Les pro­fes­sion­nels tirent la son­nette d’alarme

L'Orne Combattante (FL) - - CONDÉ -

En 2017-2018, trois mé­de­cins du pôle de san­té li­bé­ral et am­bu­la­toire (PSLA) Vaul­le­geard vont prendre leur re­traite. Pour le mo­ment, per­sonne ne frappe à la porte pour les rem­pla­cer. Les pro­fes­sion­nels s’in­quiètent.

Un peu plus de deux ans après son ou­ver­ture, le pôle de san­té li­bé­ral et am­bu­la­toire tousse. « La struc­ture est en dan­ger », s’alarment le doc­teur Jean-Edouard Brioche et le ki­né­si­thé­ra­peute Ber­nard Le Saou­ter, vice-pré­sident et pré­sident d’Ave­nir san­té Condé. Une as­so­cia­tion créée il y a cinq ans.

« Nous sommes trois mé­de­cins à par­tir à la re­traite en 2017-2018 », an­nonce le doc­teur Brioche, 66 ans. Ce der­nier ar­rê­te­ra le 30 juin 2017.

« Ça m’embête de par­tir mais j’as­pire à autre chose après 37 ans de mé­de­cine gé­né­rale. » Une an­nonce a bien été pas­sée de­puis mars 2016. « Mais je n’ai au­cun re­tour », s’in­quiète le mé­de­cin. Des re­cherches en concer­ta­tion avec les élus sont ef­fec­tuées en pa­ral­lèle.

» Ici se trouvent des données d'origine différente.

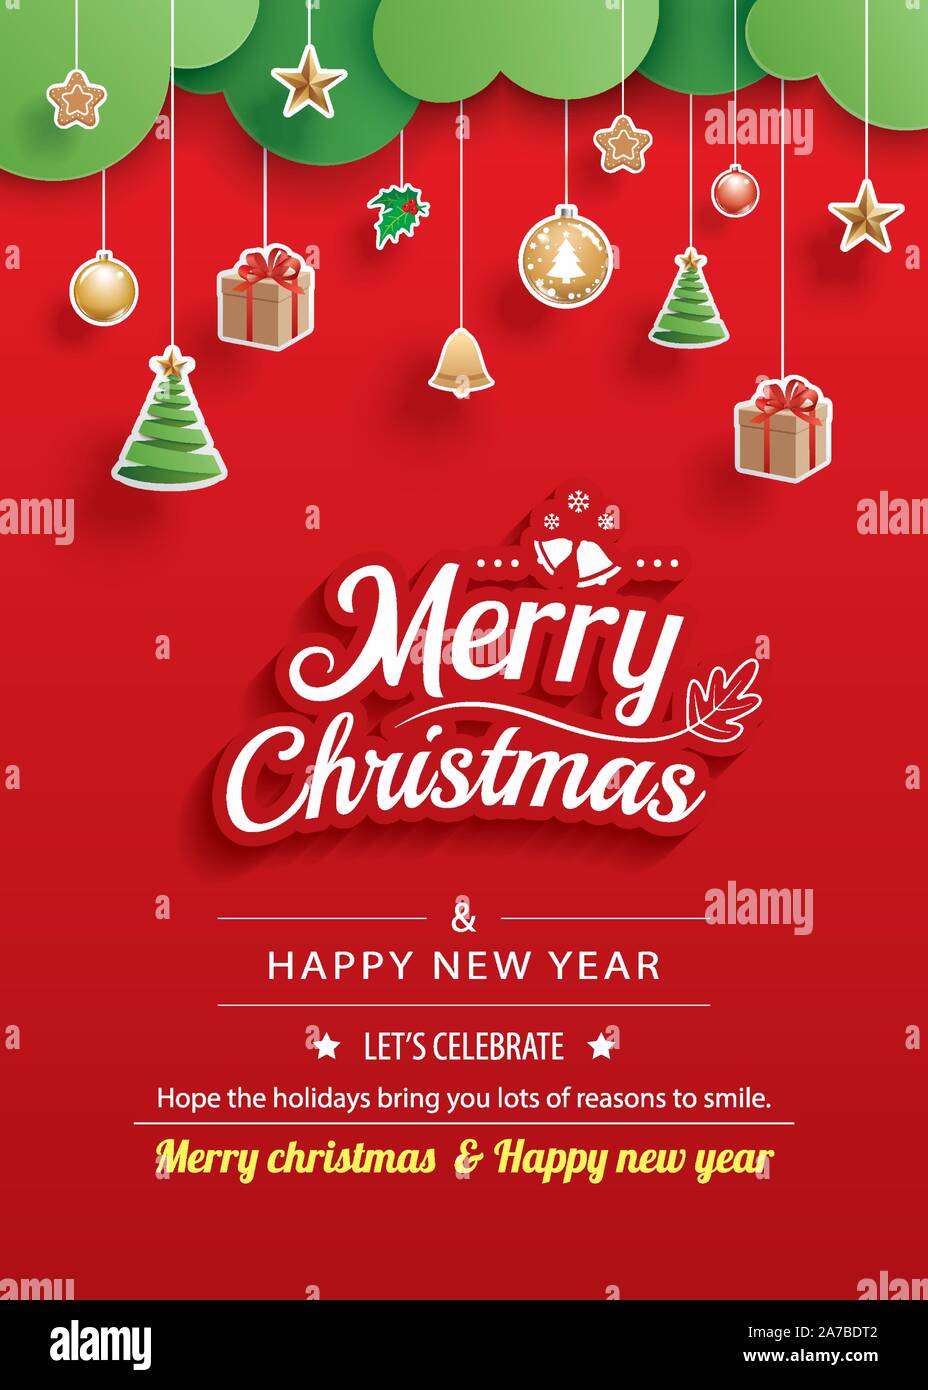 Frohe Weihnachten Und Guten Rutsch Ins Neue Jahr Grusskarten Banner Vorlage Verwenden Sie Fur Plakat Website Abdeckung Flyer Stock Vektorgrafik Alamy

Ave­nir san­té Condé tire la son­nette d’alarme. « Condé est une ville iso­lée et peu at­trac­tive et puis elle n’est pas clas­sée en zone de re­vi­ta­li­sa­tion ru­rale ou en zone franche ur­baine (ZFU). Nous sommes en re­tard dans le Cal­va­dos par rap­port à l’Orne par exemple. Nous avons in­ter­pel­lé le sé­na­teur-maire Pas­cal Al­li­zard et le dé­pu­té Alain Tour­ret à ce su­jet. Il n’y a ja­mais eu de suite », avance Ber­nard Le Saou­ter.

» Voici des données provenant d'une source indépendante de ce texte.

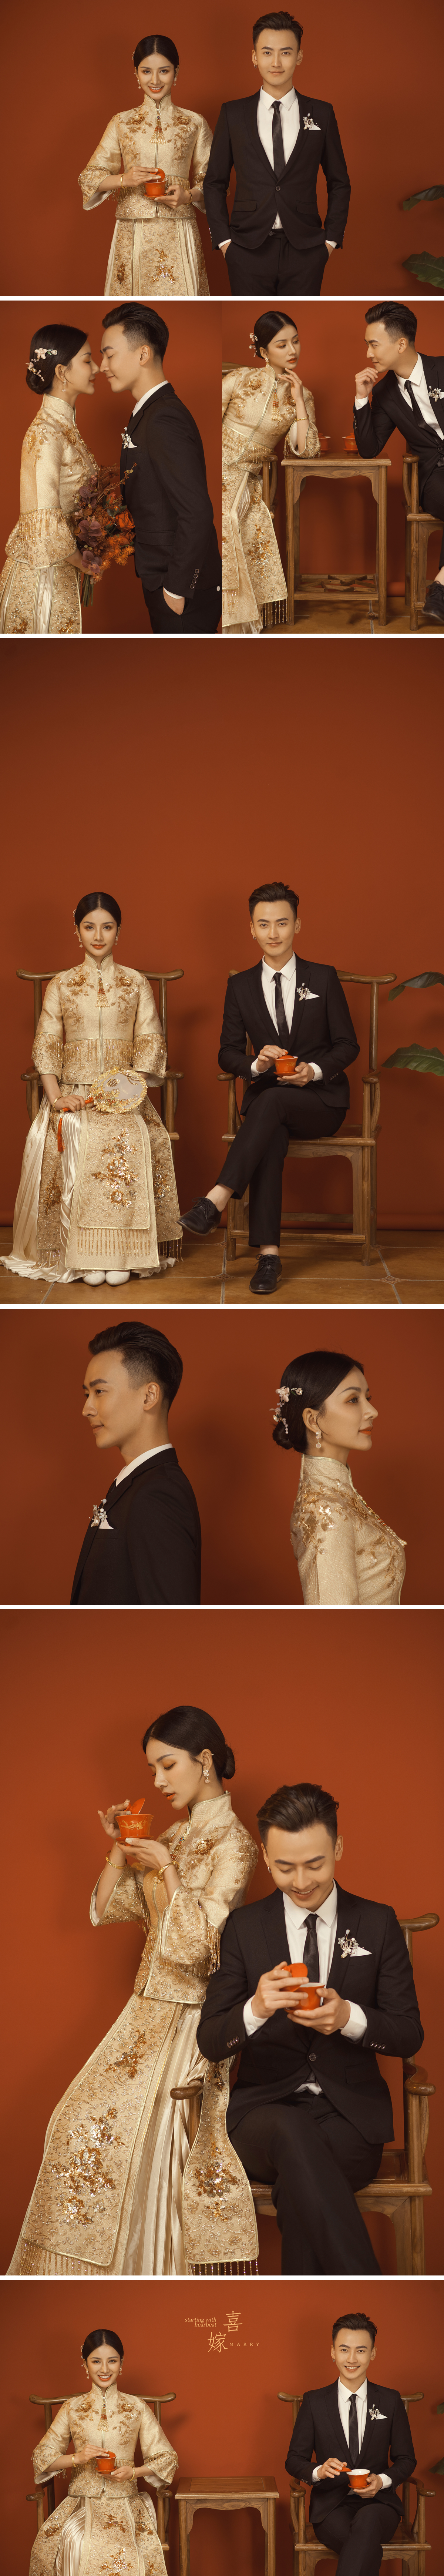 【中式系列】自由组合婚纱照 3999起 在家选片

Si le ter­ri­toire est clas­sé, les mé­de­cins qui sou­haitent s’ins­tal­ler bé­né­fi­cie­ront d’avan­tages fis­caux. Quid des deux mé­de­cins rem­pla­çants ?

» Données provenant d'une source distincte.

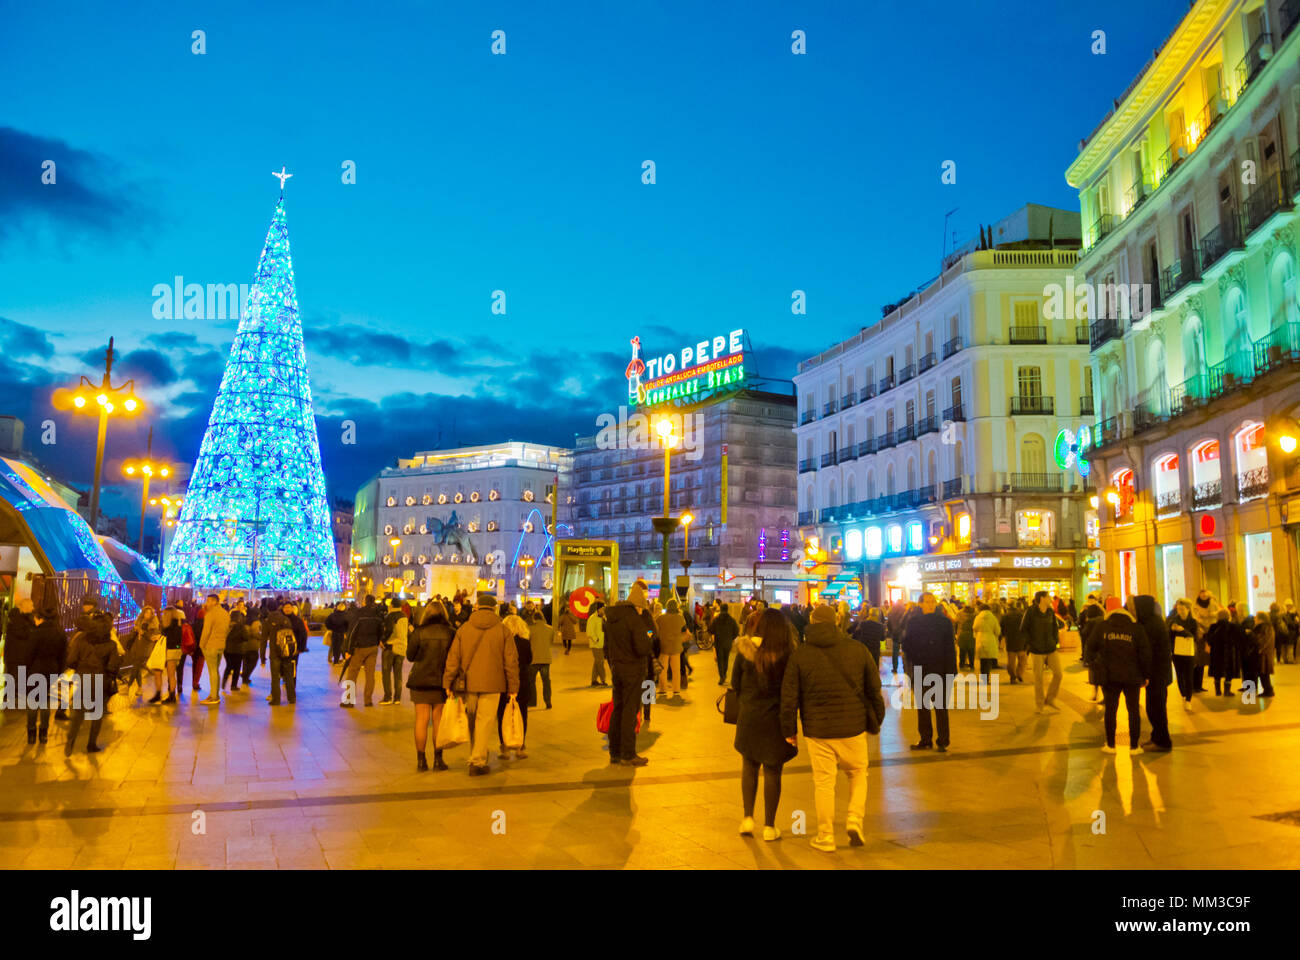 Puerta del Sol, Madrid, Spain Stock Photo

« Ils ne pour­ront pas as­su­rer les consul­ta­tions des trois mé­de­cins ac­tuels et ils n’ont pas l’in­ten­tion de prendre la re­lève ici », ré­pond JeanE­douard Brioche.

Si le pôle de san­té ne trouve pas de suc­ces­seurs, les deux hommes s’in­quiètent éga­le­ment des consé­quences di­rectes sur les autres pro­fes­sion­nels de san­té.

« Les phar­ma­cies se­ront im­pac­tées. 80 % des pres­crip­tions pro­viennent des mé­de­cins lo­caux », ajoute Ber­nard Le Saou­ter.

Com­ment at­ti­rer des jeunes ? Quelles sont les so­lu­tions ? « Il faut les in­ci­ter à s’ins­tal­ler mais les aides ne sont pas as­sez suf­fi­santes. Tout est une ques­tion fi­nan­cière. »

Mais aus­si de mode vie. Le mé­de­cin de cam­pagne qui pas­sait sa vie au ca­bi­net semble ré­vo­lu. « Les jeunes n’ont plus en­vie de s’ins­tal­ler dans des villes ru­rales. Ils as­pirent à avoir da­van­tage de loi­sirs. »

Par ailleurs, les trois mé­de­cins as­surent faire « un ef­fort fi­nan­cier en don­nant nos ca­bi­nets ». L’aug­men­ta­tion du nu­me­rus clau­sus par la Mi­nistre est sans doute une so­lu­tion aux maux ac­tuels. « Mais nous al­lons en bé­né­fi­cier dans 9-10 ans seule­ment », ré­pond le doc­teur Brioche.

« Pas très op­ti­miste mais réa­liste », Ber­nard Le Saou­ter va plus loin : « On le voit, les per­sonnes âgées n’hé­sitent pas à s’ins­tal­ler en ville main­te­nant car l’offre de soins est meilleure. »

M.T.

Ber­nard Le Saou­ter et le doc­teur Jean-Edouard Brioche, pré­sident et vice-pré­sident d’Ave­nir san­té Condé, l’as­so­cia­tion créée il y a cinq ans.